OK, I've updated to the latest galaxy-central default branch. Here's
the slightly revised test for ncbi_makeblastdb.xml,
<tests>
<test>
<!-- makeblastdb -in four_human_proteins.fasta -dbtype prot
-hash_index -title "Just 4 human proteins" -out
four_human_proteins.fasta -->
<param name="dbtype" value="prot"/>
<param name="file" value="four_human_proteins.fasta"/>
<param name="title" value="Just 4 human proteins"/>
<param name="parse_seqids" value=""/>
<param name="hash_index" value="-hash_index"/>
<output name="out_file" file="empty_file.dat"
ftype="blastdbp">
<extra_files type="file"
value="four_human_proteins.fasta.phd" name="blastdb.pdb"/>
<extra_files type="file"
value="four_human_proteins.fasta.phi" name="blastdb.phi"/>
<extra_files type="file"
value="four_human_proteins.fasta.phr" name="blastdb.phr"/>
<extra_files type="file"
value="four_human_proteins.fasta.pin" name="blastdb.pin"/>
<extra_files type="file"
value="four_human_proteins.fasta.pog" name="blastdb.pog"/>
<extra_files type="file"
value="four_human_proteins.fasta.psd" name="blastdb.psd"/>
<extra_files type="file"
value="four_human_proteins.fasta.psi" name="blastdb.psi"/>
<extra_files type="file"
value="four_human_proteins.fasta.psq" name="blastdb.psq"/>
</output>
</test>
</tests>
Here's some of the Galaxy log when I run this example manually through the
web interface:
galaxy.jobs.handler INFO 2013-04-25 15:17:43,820 (43) Job dispatched
galaxy.jobs.runners.local DEBUG 2013-04-25 15:17:44,377 (43)
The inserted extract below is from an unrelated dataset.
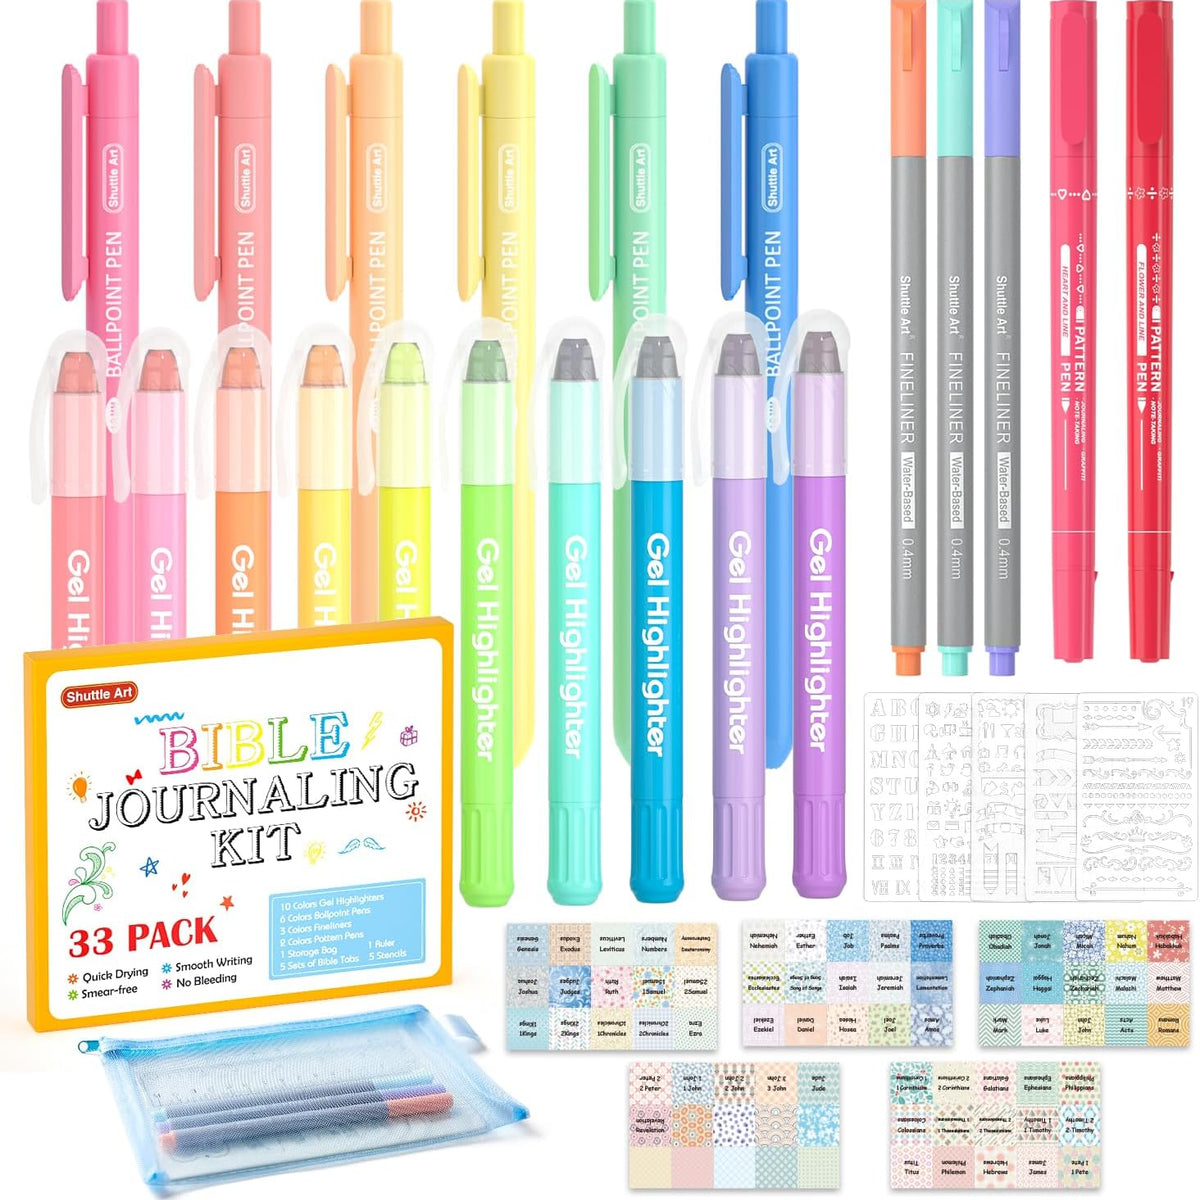 13 Best Pens & Markers For Bible Journaling  Bible journaling supplies,  Bible journaling, Bible art journaling

executing: makeblastdb -version &>
/mnt/galaxy/galaxy-central/database/tmp/GALAXY_VERSION_STRING_43;
makeblastdb -out
"/mnt/galaxy/galaxy-central/database/files/000/dataset_46_files/blastdb"
-hash_index -in "
/mnt/galaxy/galaxy-central/database/files/000/dataset_45.dat " -title
"Just 4 human proteins" -dbtype prot
galaxy.jobs DEBUG 2013-04-25 15:17:44,436 (43) Persisting job
destination (destination id: local:///)
galaxy.jobs.runners.local DEBUG 2013-04-25 15:17:44,751 execution
finished: makeblastdb -version &>
/mnt/galaxy/galaxy-central/database/tmp/GALAXY_VERSION_STRING_43;
makeblastdb -out
"/mnt/galaxy/galaxy-central/database/files/000/dataset_46_files/blastdb"
-hash_index -in "
/mnt/galaxy/galaxy-central/database/files/000/dataset_45.dat " -title
"Just 4 human proteins" -dbtype prot
galaxy.jobs DEBUG 2013-04-25 15:17:45,456 job 43 ended
Now a snippets from the test run (unedited version at end of email).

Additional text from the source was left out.